Adding a 19" front eve to the wood shed (wood port)
Had 8" of front overhang now I'll have more. Maybe enough for another row of splits 

Got all the ply wood on, last 2 were in the rain.
Got 2 rolls of roofing, 1/2 price at HD for 2 damaged rolls. I need just over 48'. One roll is 32'.
Hope my wife likes the color
,


----------



## fox9988 (Aug 25, 2012)

My house is only 48 ft long, really but I do have 90 ft of wood stacked in the field, not counting the barn


----------



## jeff_t (Aug 25, 2012)

Once again, thanks for humbling the rest of us, Dave. Moose antlers really finish it off.


----------



## Realstone (Aug 25, 2012)

Wow!

I never realized just how big your wood crib was.  The wide shot gives a better idea and the ladders really put some scale to it.


bogydave said:


> Hope my wife likes the color


I hear birch is the hot colour this year


----------



## certified106 (Aug 25, 2012)

Looking really nice Dave! I am starting to work on the wife and soften her up a bit so I can put another shed sort of like yours......I already have my first one filled between wood and equipment and now I want the whole thing for equipment storage!


----------



## Wood Duck (Aug 25, 2012)

On outstanding shed gets even more outstanding. Nice job


----------



## onetracker (Aug 25, 2012)

damn...

almost looks too nice to burn


----------



## maplewood (Aug 25, 2012)

onetracker said:


> damn...
> 
> almost looks too nice to burn


 
...But you will....  Oh, yes, you will....


----------



## nate379 (Aug 25, 2012)

You don't have any problems with the wind lifting that building? We had a building similar to your wood crib at work for storage equipment/forklifts and the roof was ripped off when the wind got under it.

I don't know if maybe you don't get winds like I do?
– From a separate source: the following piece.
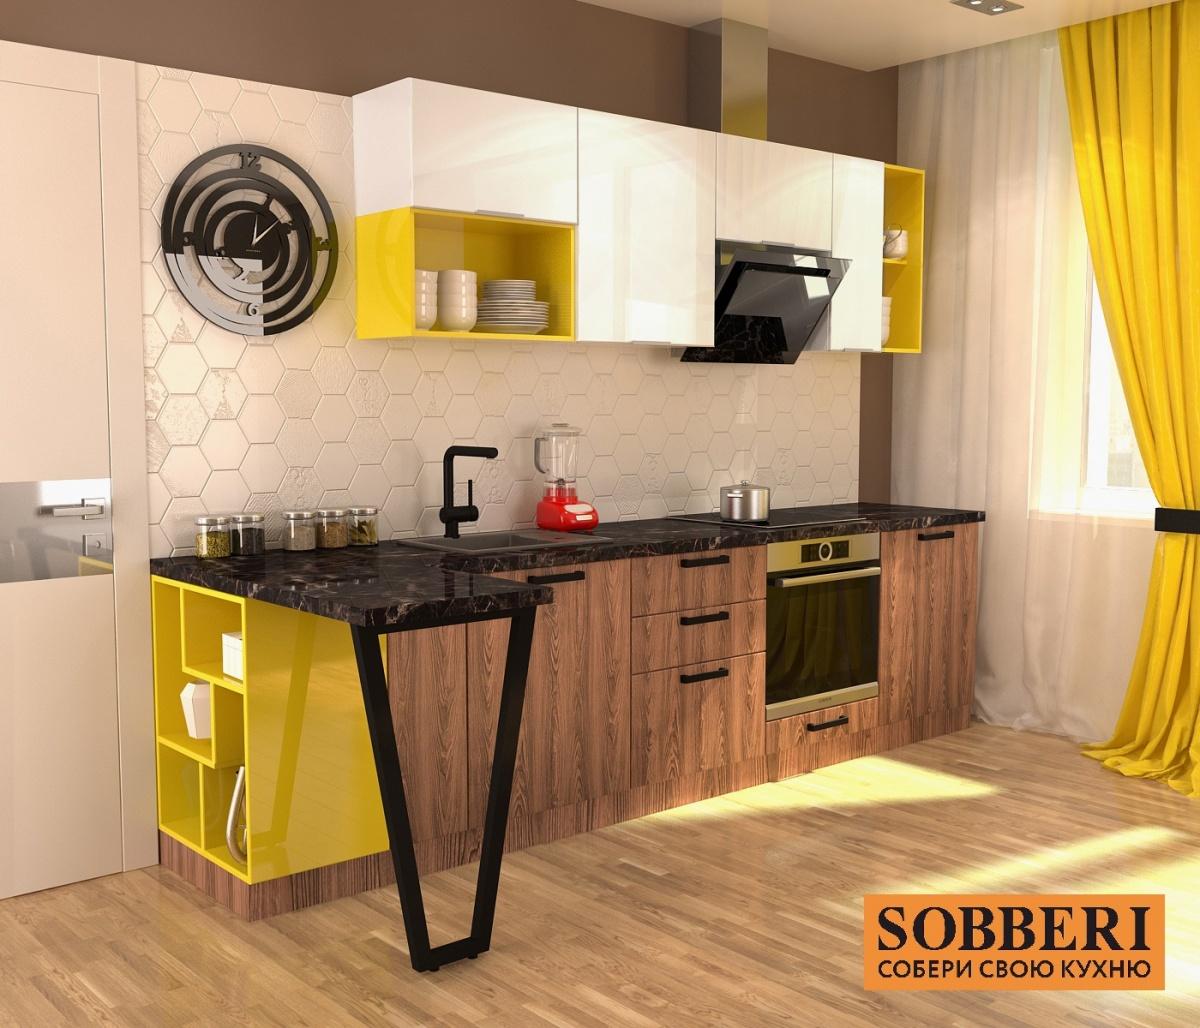 Благодаря свободе выбора цветов, декора и других элементов, кухни Sobberi делают жилое пространство современным и уютным

I have recorded 85mph gusts on my weather station.

I have all my wood stored along the back property line, 5 (I think) racks that hold about 4 cords each.  I have room for roughly 5 years worth of wood.


----------



## bogydave (Aug 25, 2012)

Thanks all
1 reason I'm adding the eve to reduce the wind signature though it's held up with 90 mph winds  we had in 10/11 winter
1 section is for winter use   it gets emptied thru the winter,
2 sections are full all winter, being full helps reduce the winds effects.

Looking for a location/place/way to put the moose antlers back up, they may fit under the eve.

Roofing will have to wait, today it's not supposed to rain & we're
Off to the AK state fair


----------



## etiger2007 (Aug 25, 2012)

Dave thats awsome work!


----------



## nate379 (Aug 25, 2012)

Should swing by the house and say hi, I'm just across the road, out behind Web Bob's tire trailer



bogydave said:


> Thanks all
> 1 reason I'm adding the eve to reduce the wind signature though it's held up with 90 mph winds we had in 10/11 winter
> 1 section is for winter use it gets emptied thru the winter,
> 2 sections are full all winter, being full helps reduce the winds effects.
> ...


----------



## Treacherous (Aug 25, 2012)

I'm in awe  That is beautiful


----------



## Shadow&Flame (Aug 25, 2012)

Very nice woodshed...guess you would need a large one up there thou...  I hope to visit Alaska sometime...never enough time to do it thou...


----------



## nate379 (Aug 25, 2012)

Actually not all that cold here, most winters we get down around -25* and that's it. I grew up in northern Maine and winters seemed to be colder there... and much more snow too.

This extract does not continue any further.